[[ INFORMATION SUPPLIED, beginning ]]

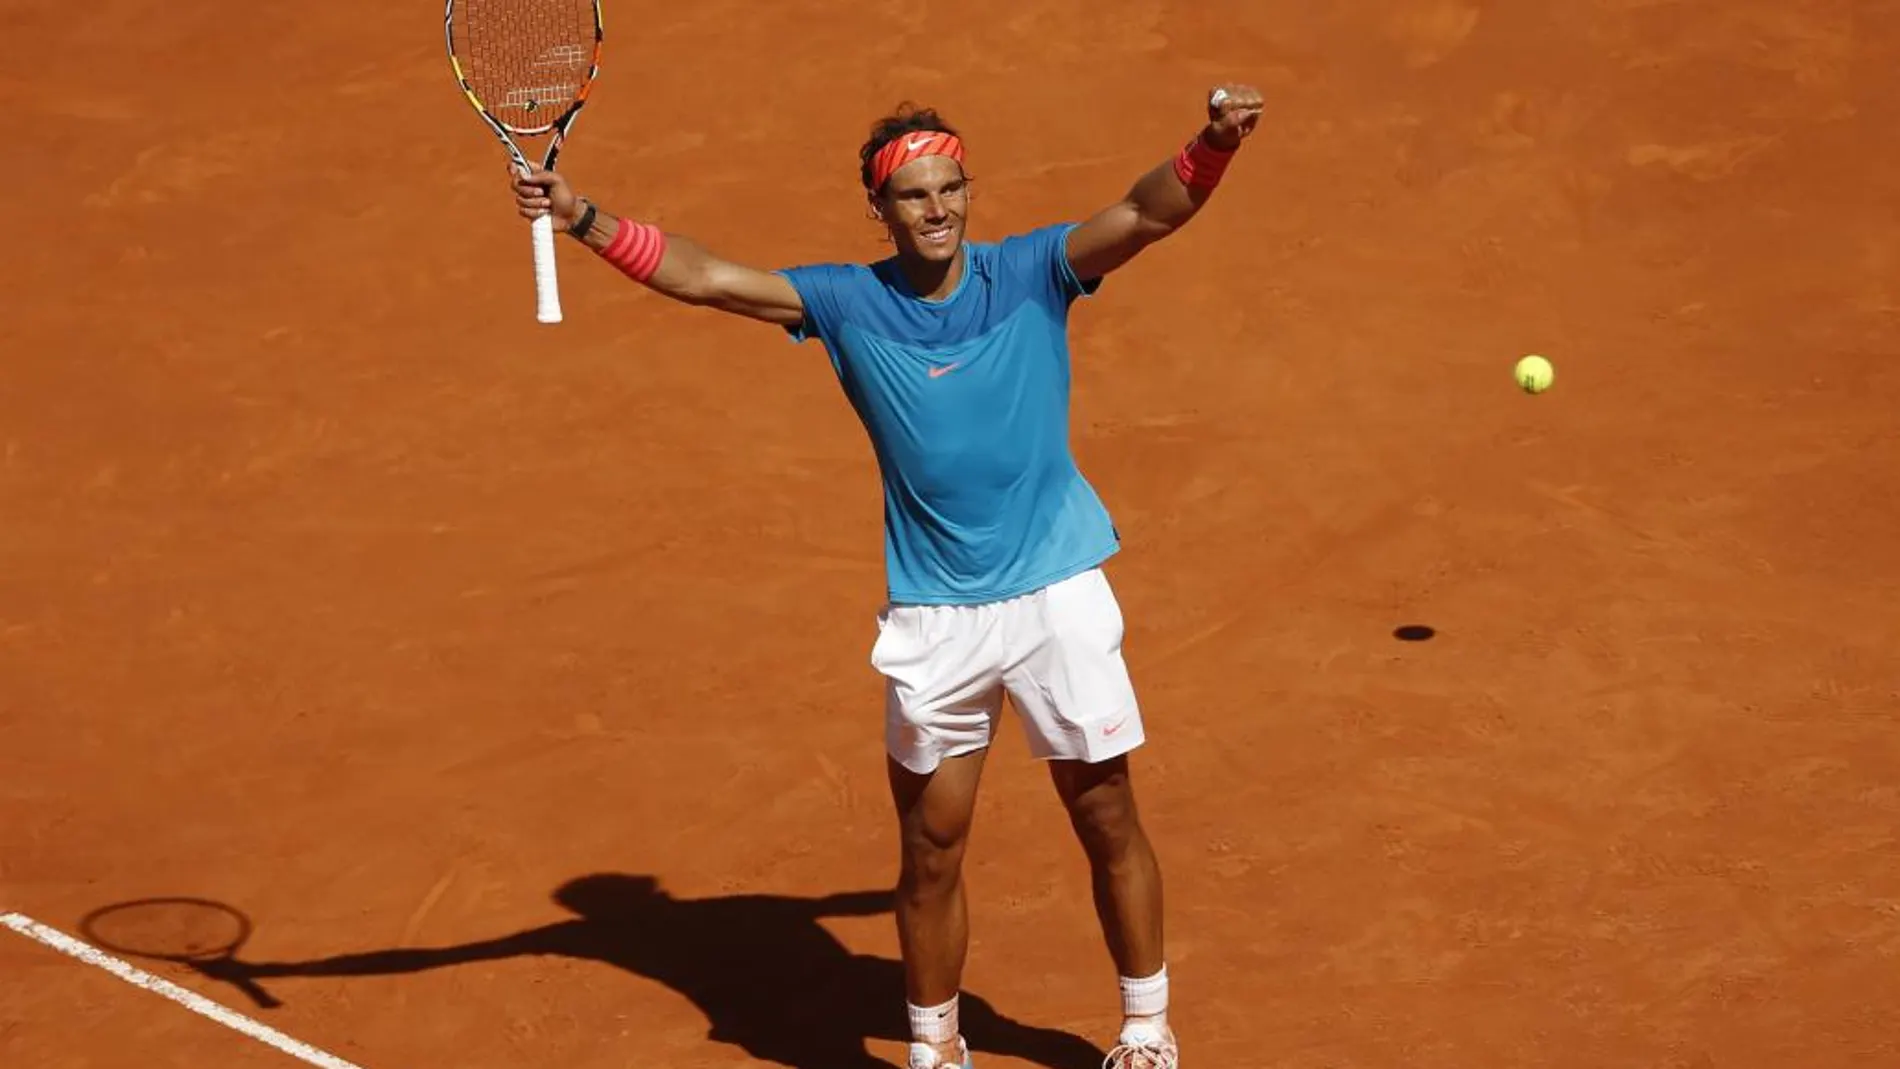 Rafa Nadal celebra su victoria de semifinales frente a Berdych
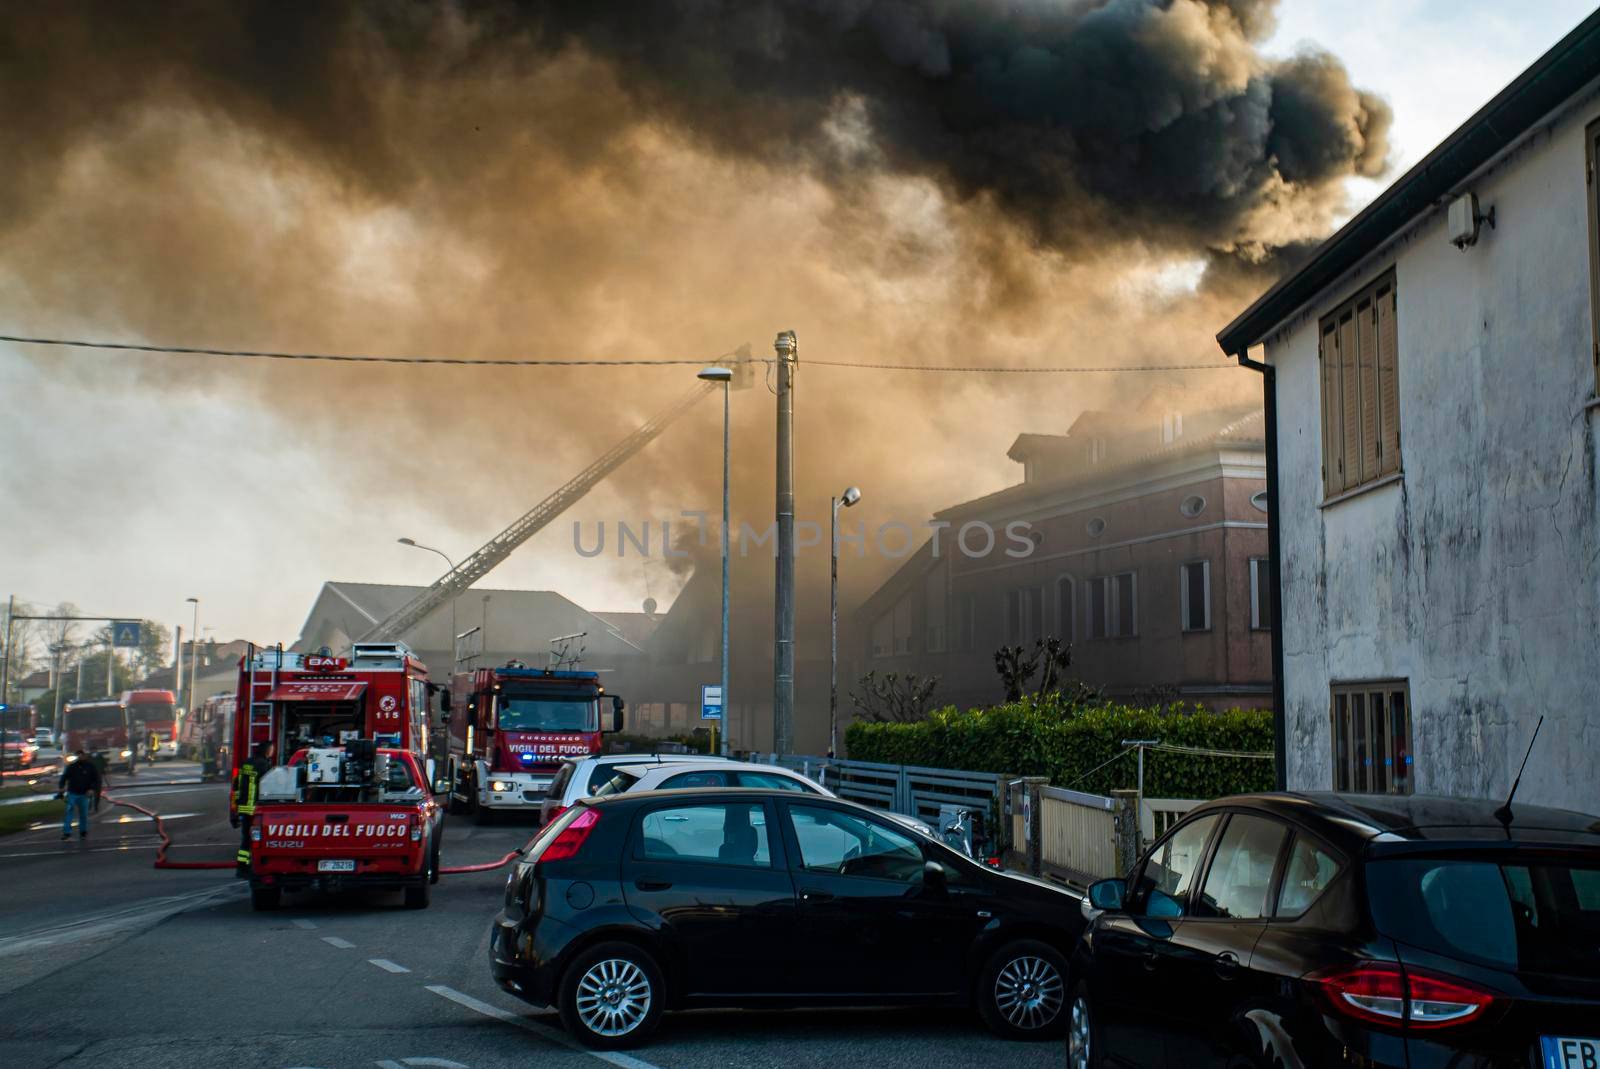 VILLANOVA DEL GHEBBO, ITALY 23 MARCH 2021: Fire house firefighters smoke
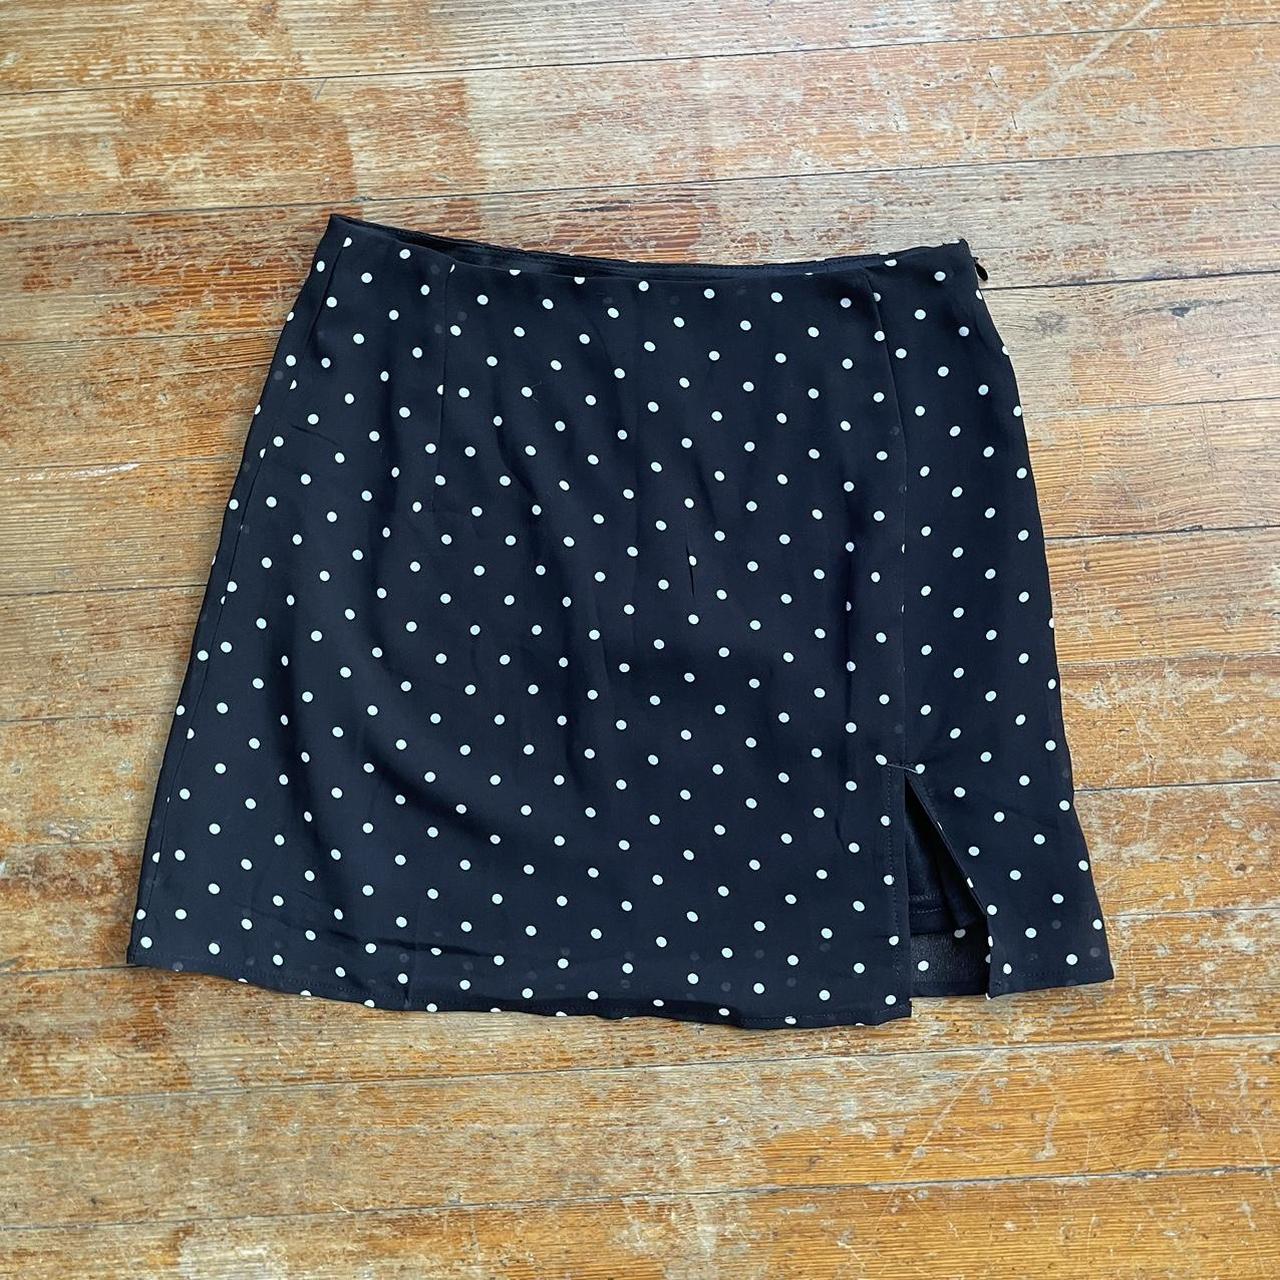 Cute lil black and white polka dot mini skirt with a... - Depop

[[ INFORMATION SUPPLIED, end ]]

* EXERCISE DESCRIPTION:
I'd like the material repeated word for word, without the pictures it holds.

* YOUR RESPONSE:
 Rafa Nadal celebra su victoria de semifinales frente a Berdych
 VILLANOVA DEL GHEBBO, ITALY 23 MARCH 2021: Fire house firefighters smoke
 Cute lil black and white polka dot mini skirt with a... - Depop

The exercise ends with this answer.